■ **EXERCISE DATA**:
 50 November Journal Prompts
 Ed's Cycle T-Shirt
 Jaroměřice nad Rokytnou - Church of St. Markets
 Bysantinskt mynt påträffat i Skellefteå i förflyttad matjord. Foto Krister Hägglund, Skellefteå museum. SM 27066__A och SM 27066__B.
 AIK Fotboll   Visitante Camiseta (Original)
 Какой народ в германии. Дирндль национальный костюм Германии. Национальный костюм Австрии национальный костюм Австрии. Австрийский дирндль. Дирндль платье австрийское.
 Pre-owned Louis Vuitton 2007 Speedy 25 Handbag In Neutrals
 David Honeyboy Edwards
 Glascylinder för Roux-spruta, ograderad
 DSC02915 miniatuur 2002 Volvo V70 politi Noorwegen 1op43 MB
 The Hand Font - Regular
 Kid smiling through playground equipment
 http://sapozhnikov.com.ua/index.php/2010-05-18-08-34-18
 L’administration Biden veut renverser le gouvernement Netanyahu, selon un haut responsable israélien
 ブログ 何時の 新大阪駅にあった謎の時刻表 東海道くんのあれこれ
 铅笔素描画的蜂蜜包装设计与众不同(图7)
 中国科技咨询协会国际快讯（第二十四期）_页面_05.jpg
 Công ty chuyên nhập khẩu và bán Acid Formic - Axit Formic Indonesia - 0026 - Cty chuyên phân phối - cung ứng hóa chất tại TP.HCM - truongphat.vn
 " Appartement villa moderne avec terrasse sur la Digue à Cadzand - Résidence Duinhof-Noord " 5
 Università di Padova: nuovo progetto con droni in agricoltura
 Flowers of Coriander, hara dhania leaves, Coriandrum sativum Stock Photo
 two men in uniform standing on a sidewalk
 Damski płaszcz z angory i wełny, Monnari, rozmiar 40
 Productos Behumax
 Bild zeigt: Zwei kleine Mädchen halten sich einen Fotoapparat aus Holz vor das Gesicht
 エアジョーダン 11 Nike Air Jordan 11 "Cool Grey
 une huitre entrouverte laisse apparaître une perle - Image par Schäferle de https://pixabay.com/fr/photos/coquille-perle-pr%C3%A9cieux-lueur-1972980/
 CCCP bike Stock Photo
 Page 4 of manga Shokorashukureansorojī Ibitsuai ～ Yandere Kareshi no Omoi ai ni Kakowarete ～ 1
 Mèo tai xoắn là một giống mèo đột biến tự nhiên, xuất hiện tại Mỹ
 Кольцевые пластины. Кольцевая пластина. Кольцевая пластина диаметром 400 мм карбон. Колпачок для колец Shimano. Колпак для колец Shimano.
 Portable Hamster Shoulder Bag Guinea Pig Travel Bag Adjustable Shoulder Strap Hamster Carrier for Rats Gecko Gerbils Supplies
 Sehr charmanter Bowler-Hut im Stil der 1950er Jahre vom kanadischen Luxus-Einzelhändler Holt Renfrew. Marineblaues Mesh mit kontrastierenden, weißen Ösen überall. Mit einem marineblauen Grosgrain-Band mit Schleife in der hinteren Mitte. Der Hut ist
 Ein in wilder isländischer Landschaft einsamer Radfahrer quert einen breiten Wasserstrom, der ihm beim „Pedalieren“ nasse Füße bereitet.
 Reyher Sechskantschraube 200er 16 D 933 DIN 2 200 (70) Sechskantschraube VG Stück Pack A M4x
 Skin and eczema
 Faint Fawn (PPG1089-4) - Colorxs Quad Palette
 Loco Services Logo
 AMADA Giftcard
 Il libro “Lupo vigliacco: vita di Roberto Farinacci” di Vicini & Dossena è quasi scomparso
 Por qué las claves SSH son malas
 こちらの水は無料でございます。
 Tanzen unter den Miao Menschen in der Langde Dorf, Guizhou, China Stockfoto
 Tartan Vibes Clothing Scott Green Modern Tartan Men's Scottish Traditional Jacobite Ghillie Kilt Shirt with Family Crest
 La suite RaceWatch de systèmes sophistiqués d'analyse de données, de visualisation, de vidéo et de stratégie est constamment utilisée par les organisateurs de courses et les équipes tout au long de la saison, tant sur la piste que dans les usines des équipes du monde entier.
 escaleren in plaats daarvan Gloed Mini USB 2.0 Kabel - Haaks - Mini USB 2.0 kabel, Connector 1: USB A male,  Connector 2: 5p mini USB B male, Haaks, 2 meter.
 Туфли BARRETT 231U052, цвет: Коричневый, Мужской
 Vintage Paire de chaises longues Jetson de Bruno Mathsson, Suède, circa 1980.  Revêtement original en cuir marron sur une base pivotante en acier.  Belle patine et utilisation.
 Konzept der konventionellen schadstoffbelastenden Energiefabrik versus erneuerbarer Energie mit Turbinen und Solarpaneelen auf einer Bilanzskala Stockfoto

■ **WHAT THE TASK ASKS**: Among the lines above, show every one that contains the string "einen".

■ **RESPONSE TO THE TASK**:
 Bild zeigt: Zwei kleine Mädchen halten sich einen Fotoapparat aus Holz vor das Gesicht
 Ein in wilder isländischer Landschaft einsamer Radfahrer quert einen breiten Wasserstrom, der ihm beim „Pedalieren“ nasse Füße bereitet.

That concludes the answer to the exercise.